Authorities were unable to establish contact with BTC Mining’s sole director, Stibich Martins Yhaicha Luzia, as efforts to reach him and the company’s websites proved unsuccessful.

BTCMining, a UK-based crypto asset company, was shut down following numerous reports from customers in various countries who claimed they paid for crypto mining services but never received the promised returns or were unable to withdraw their assets, according to a statement released on Wednesday.

The company, which purportedly offered mining services allowing customers to generate income, was accused of fraudulent activity affecting individuals in Estonia, Mauritania, Iran, New Zealand, Poland, and Romania.

The complaints were initially reported to Action Fraud, the UK’s national fraud and cybercrime center. Victims alleged they had not received the services they had paid for and, in many cases, were pressured into making additional payments.

During the investigation, authorities discovered that BTCMining Limited lacked a valid registered address in the UK—an alarming sign for any business operation.

UK Court Decision Shuts Down BTCMining After Global Fraud Allegations

.On April 28, 2025, a hearing at the High Court in Manchester resulted in the closure of BTCMining Limited. David Usher, chief investigator for the Insolvency Service, emphasized the widespread impact of the fraud.
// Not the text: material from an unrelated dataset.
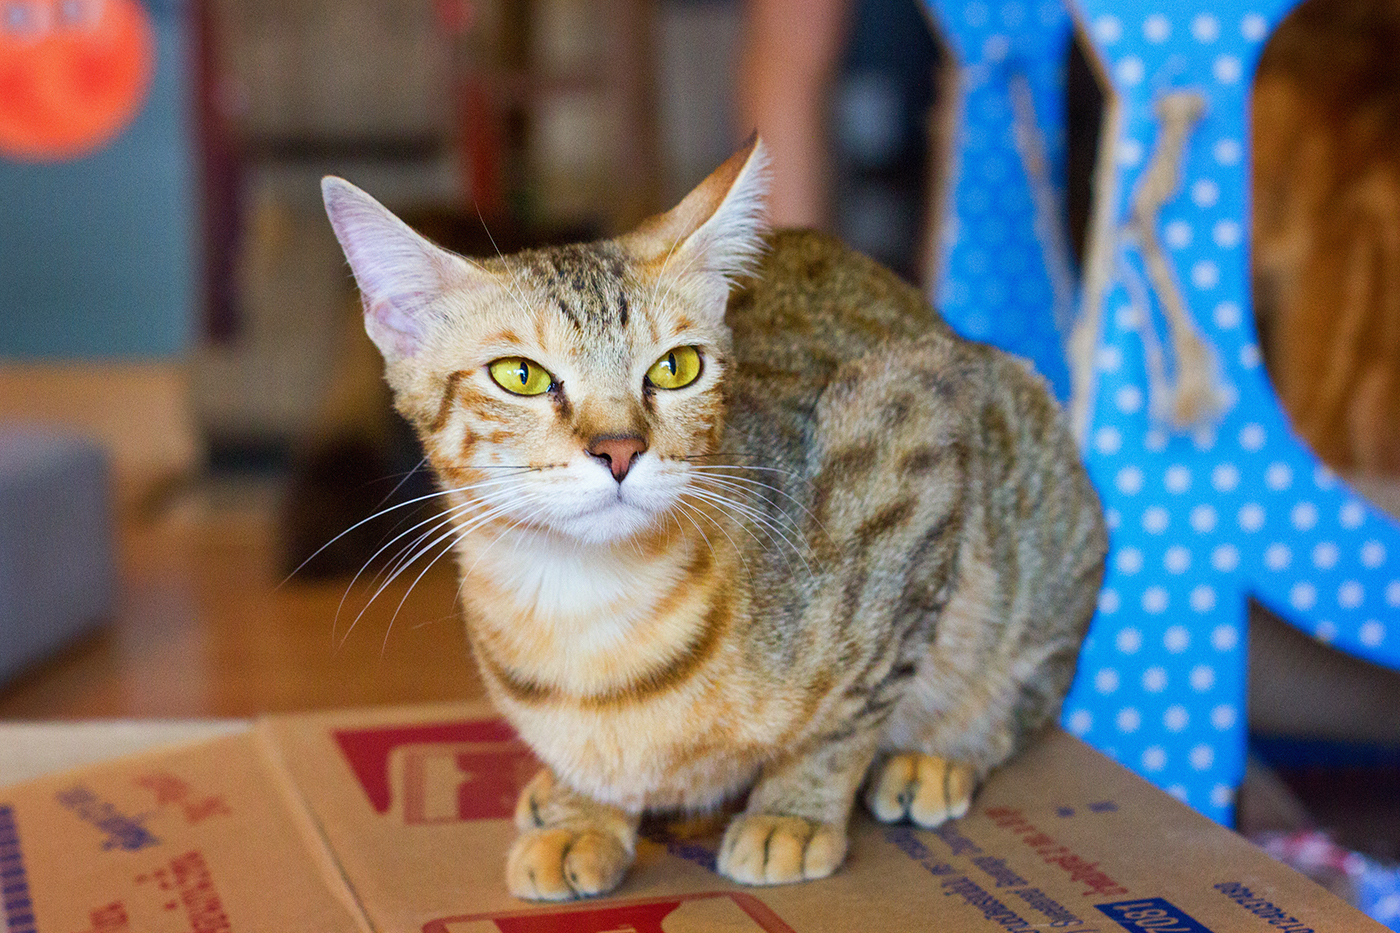 Kattencafé Catmosphere, cat café, catmosphere, chiang mai, thailand, katten, cats, café
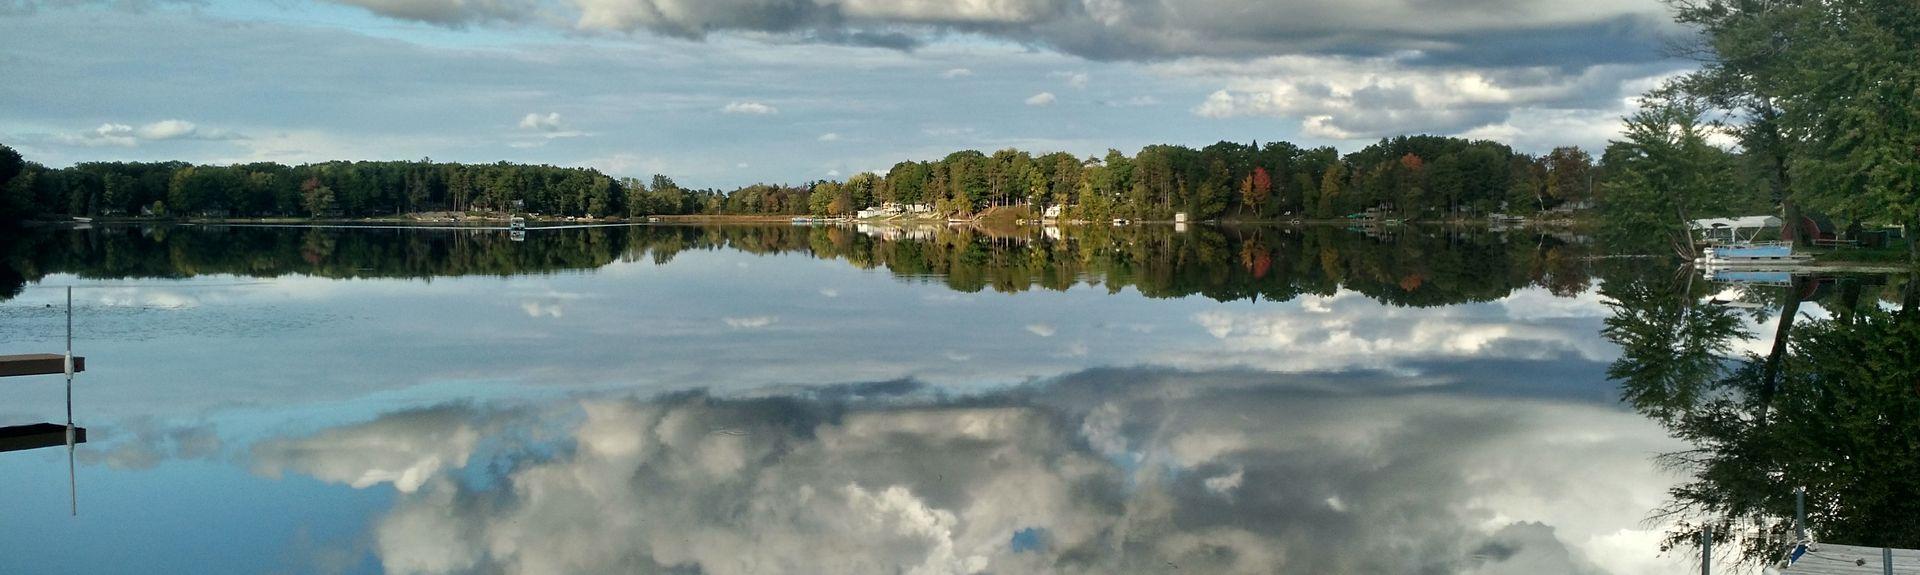 Lake Lancer, Butman, MI, USA

“BTCMining Limited’s ability to attract customers globally made our intervention crucial,” Usher stated. “By acting on the complaints promptly, we were able to prevent further harm to individuals worldwide. Ensuring public protection, both in the UK and internationally, remains a top priority.”

Efforts to Contact BTCMining’s Director Fail, Raising Concerns Over Wider Impact

Authorities were unable to reach BTCMining’s sole director, Stibich Martins Yhaicha Luzia, who had been in charge since the company’s incorporation in January 2024. Attempts to contact him via known email addresses and phone numbers were unsuccessful, and the company’s websites became inactive without providing updated contact details.

The director’s registered address, listed with Companies House, turned out to be a residential property, whose occupants were unaware of the business and had not authorized the use of their address.

While six formal complaints have been filed with Action Fraud, officials suspect the actual number of victims is significantly higher. Reports indicate that affected customers collectively lost over $18,000, though this amount may only represent a portion of the total financial damage.

Investigators remain concerned that additional victims have yet to come forward, potentially revealing a broader impact.